Claypool defies “laws of tradition” with Oysterhead

I walked into Best Buy on a mission to find the CD I have been waiting for since May of 2000: Oysterhead.
Oysterhead is a band that travels the same path as the Traveling Wilbury’s (the band whose lineup included Roy Orbison, Bob Dylan, Tom Petty and George Harrison); they are a “super group” of sorts. The band is the brainchild of bass master Les Claypool (of Primus fame), jam guitarist Trey Anastasio (Phish) and drum legend Stewart Copeland (the Police). Their CD, The Grand Pecking Order, is a journey through the music this very experimental and very eclectic group created last spring.
The Grand Pecking Order generally reminds me of Primus. Claypool’s playing goes from his slap style that he nearly perfected in Primus, to the jammy style he has been using with the Fearless Flying Frog Brigade for the past year. He also utilizes the amazing “Trippy” pedal, which distorts his bass into some sort of P-Funk-meets-acid-rock sound.

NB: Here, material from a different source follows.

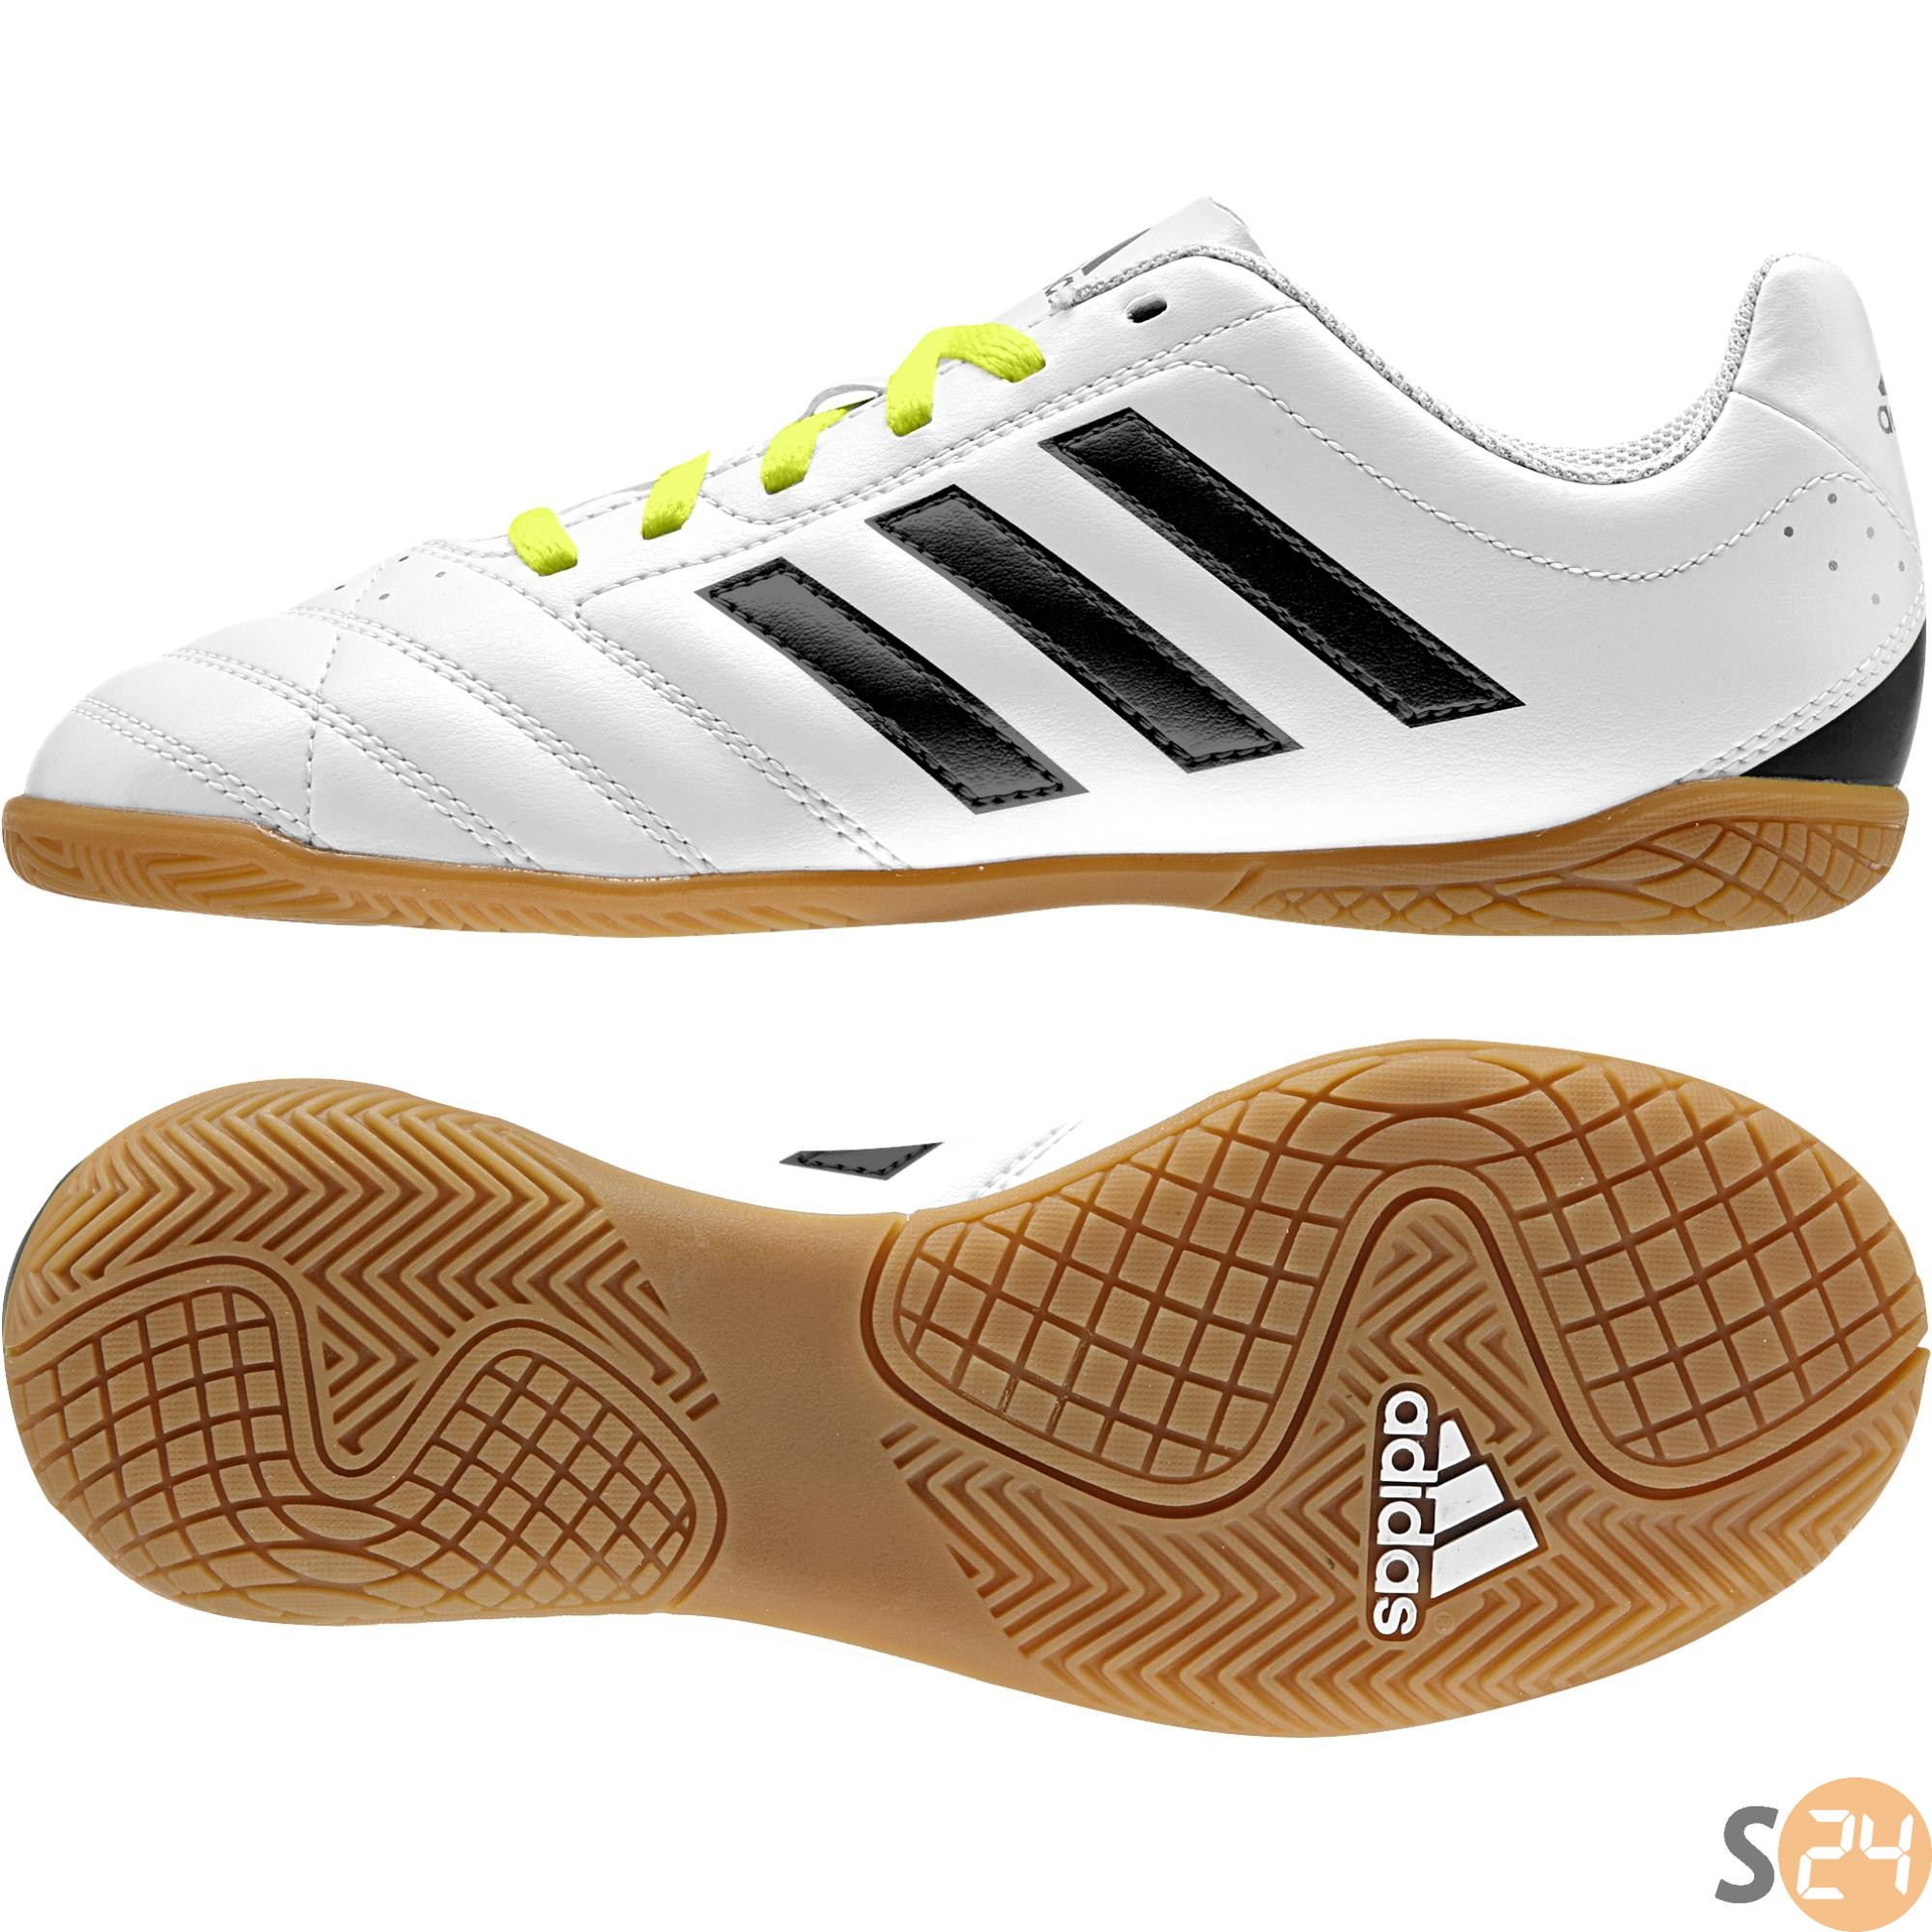 Adidas Foci cipők Goletto v in j B27087

The Grand Pecking Order will no doubt upset a few Phish-heads, because most of them never thought Trey would “shred,” but shred he did. His solo on “Mr. Oysterhead” is more Sabbath and less Dead. Also, Anastasio’s feedback intro into the fierce power chording on “Pseudo Suicide” was something I never expected to hear him play, especially when he puts on some Clutch-like chops to wail on.
“Pseudo Suicide” is broken up well, from dark sludge to the Primus-patented quick jams. The thing that always kept those jams tight was the drumming, and Copeland is an absolute genius on this record. You can feel how much fun he is having jamming with Claypool and Anastasio. He even sneaks a little double-bass work into the mix, which is another Oysterhead surprise. Copeland’s cymbal work is incredible, especially when working the high hat; the only thing more impressive is Copeland’s ability to change tempos at the drop of a hat.
The album is comprised of some songs that Anastasio wrote, some that Claypool wrote and some the band wrote together. Lyric-writing duty was split between Claypool and Anastasio, but the two of them wrote lyrics for several songs together.
Claypool’s humor comes out best in “Army’s on Ecstasy.” He provides a humorous tale about how urine testing is on the rise in the army because “it’s hard to kill the enemy on old MDMA.” He then uses classic Claypool storytelling to send an anti-War- on-Drugs message. He tells the story of the King of Contradiction and the Queen of Mystery, and how they want to stop the Prince of Paradox because he “dogs me like a flea,” according to the King. The song’s sound is vintage Claypool and brings the goofiness of Oysterhead to light.
Anastasio’s talents are best displayed on the blues jam, “Birthday Boys,” which reminds me of something off the “Oh Brother Where Art Thou” soundtrack. The song decribes a humorous tale about how Anastasio doesn’t mind having his girl Gina around but he says, “I’m not in the mood for conversation/you can come around but don’t you talk to me.” It is a fun little groove that becomes a turning point on the album as a whole. The next song is the psychedelic “Wield the Spade,” with speech-like lyrics and eerie wave-like music providing a mellow, yet spooky, atmosphere to the tune, a great response to “Birthday Boys.”
This leads right into the thrash-induced “Pseudo Suicide.” The song defines Oysterhead. It’s very experimental and bends over many styles. There is the heavy part and the groove; then the breakdowns and jams. It allows each musician to showcase his talents. Claypool and Anastasio trade off lead singer positions midway through the song and then harmonize. Both of their very distinct, unique voices mesh wonderfully, overtop of one of the sickest drumbeats Copeland has ever busted out.
If you’re in the mood for an eclectic and different musical experience, purchase The Grand Pecking Order for a fun time.